Recorded information Block Start

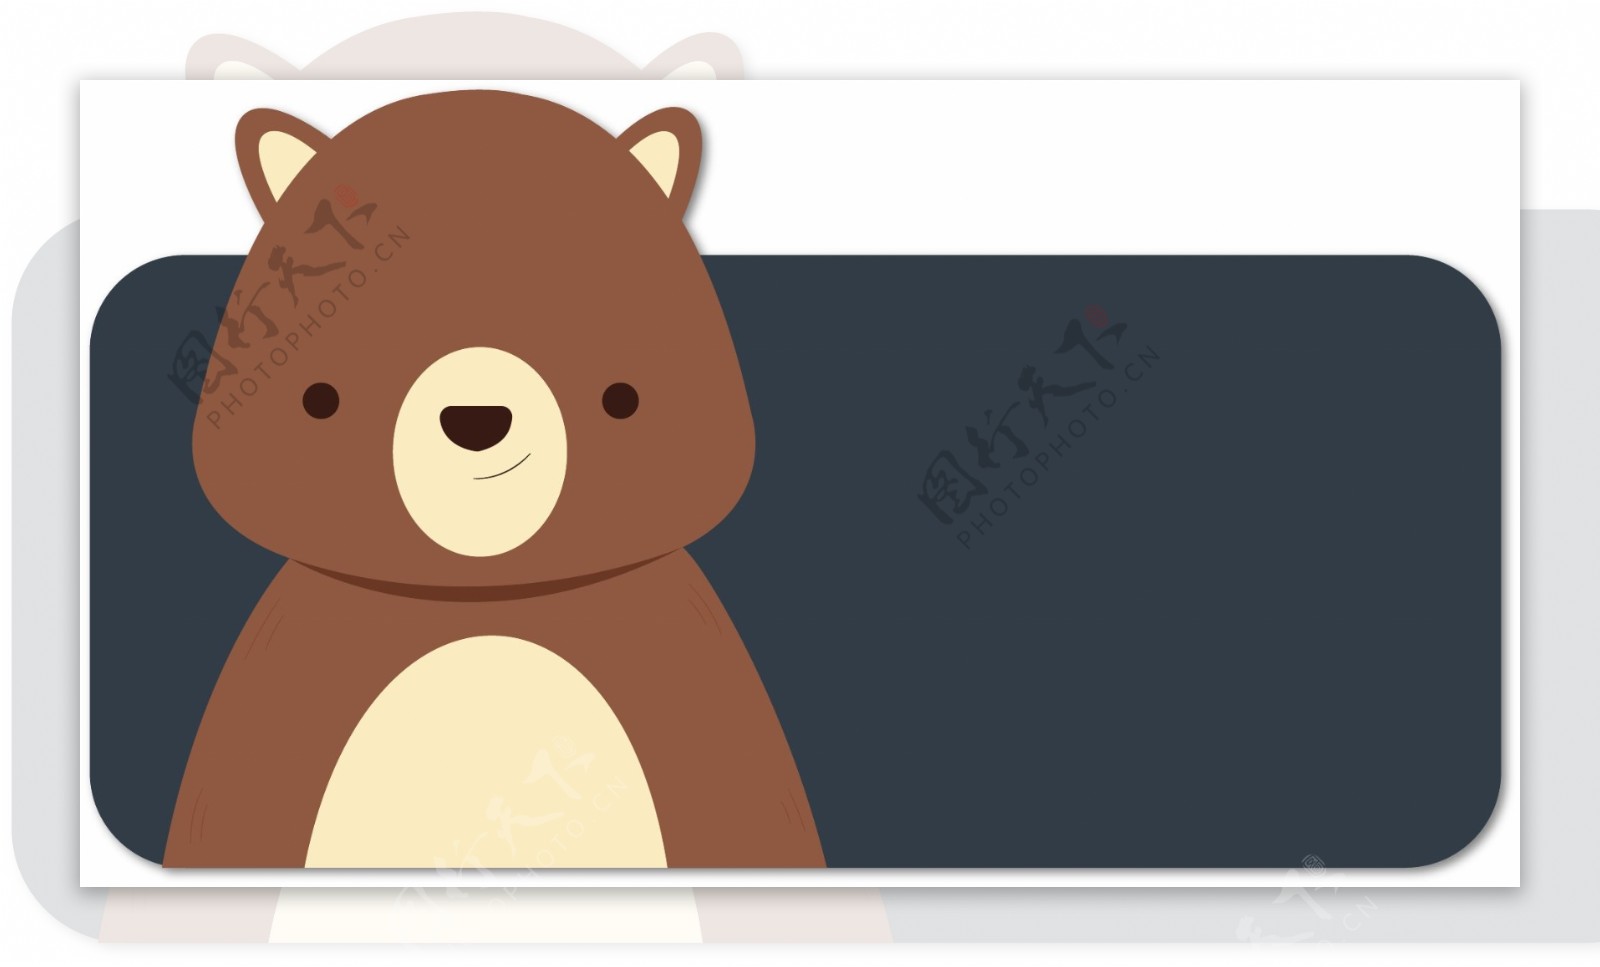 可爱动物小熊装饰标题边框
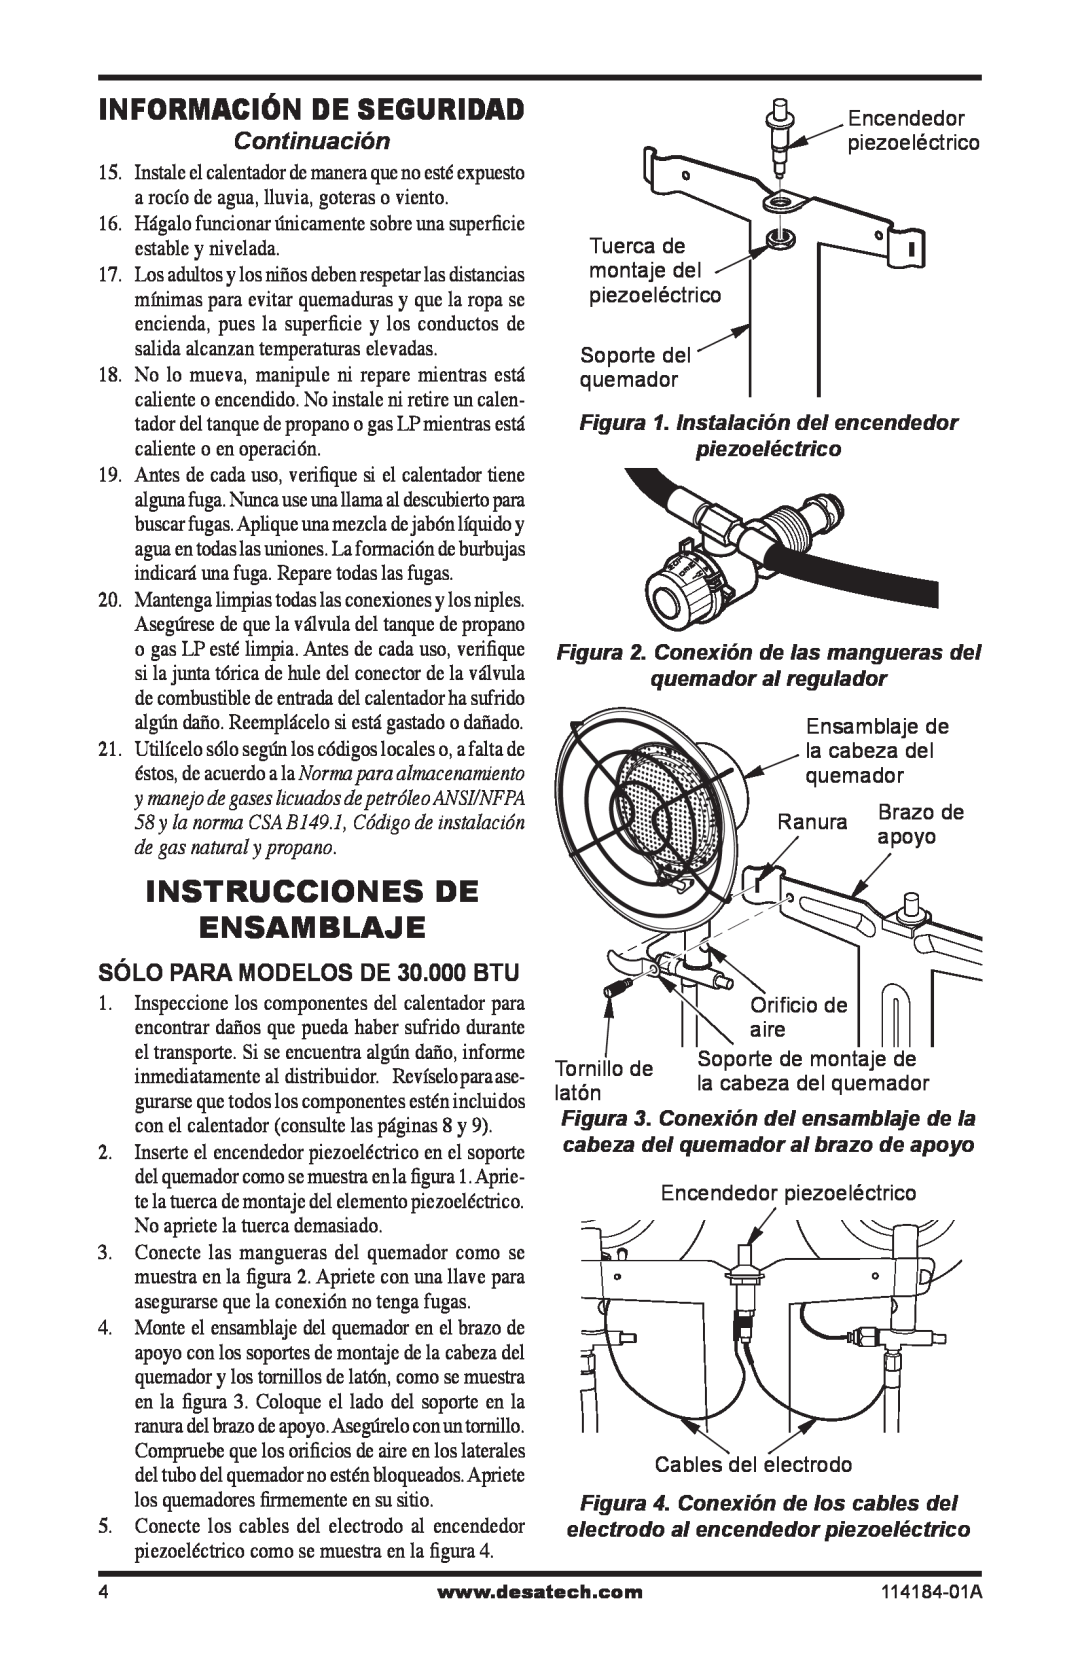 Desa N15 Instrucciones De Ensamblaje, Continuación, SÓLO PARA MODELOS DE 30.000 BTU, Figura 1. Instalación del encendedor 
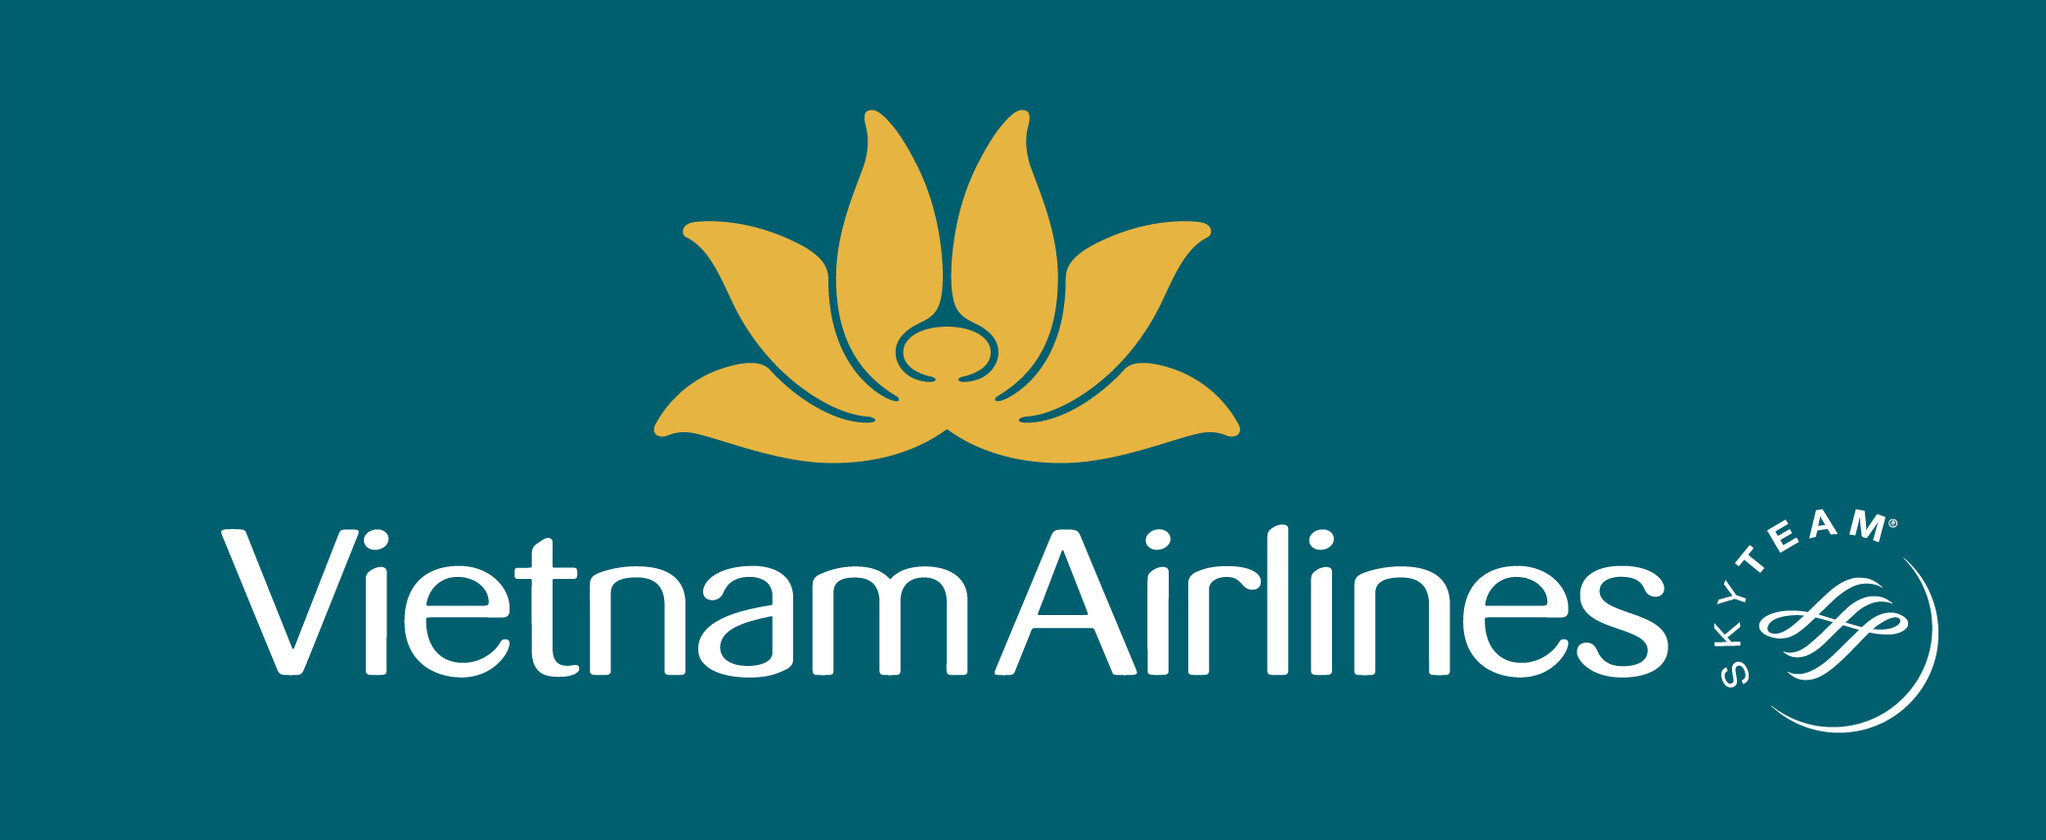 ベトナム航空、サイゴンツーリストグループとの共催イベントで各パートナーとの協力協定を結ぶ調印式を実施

Recorded information Block End

What is expected
Transcribe the data verbatim. No picture belongs in the result.

Task response
 可爱动物小熊装饰标题边框
 Desa N15 Instrucciones De Ensamblaje, Continuación, SÓLO PARA MODELOS DE 30.000 BTU, Figura 1. Instalación del encendedor 
 ベトナム航空、サイゴンツーリストグループとの共催イベントで各パートナーとの協力協定を結ぶ調印式を実施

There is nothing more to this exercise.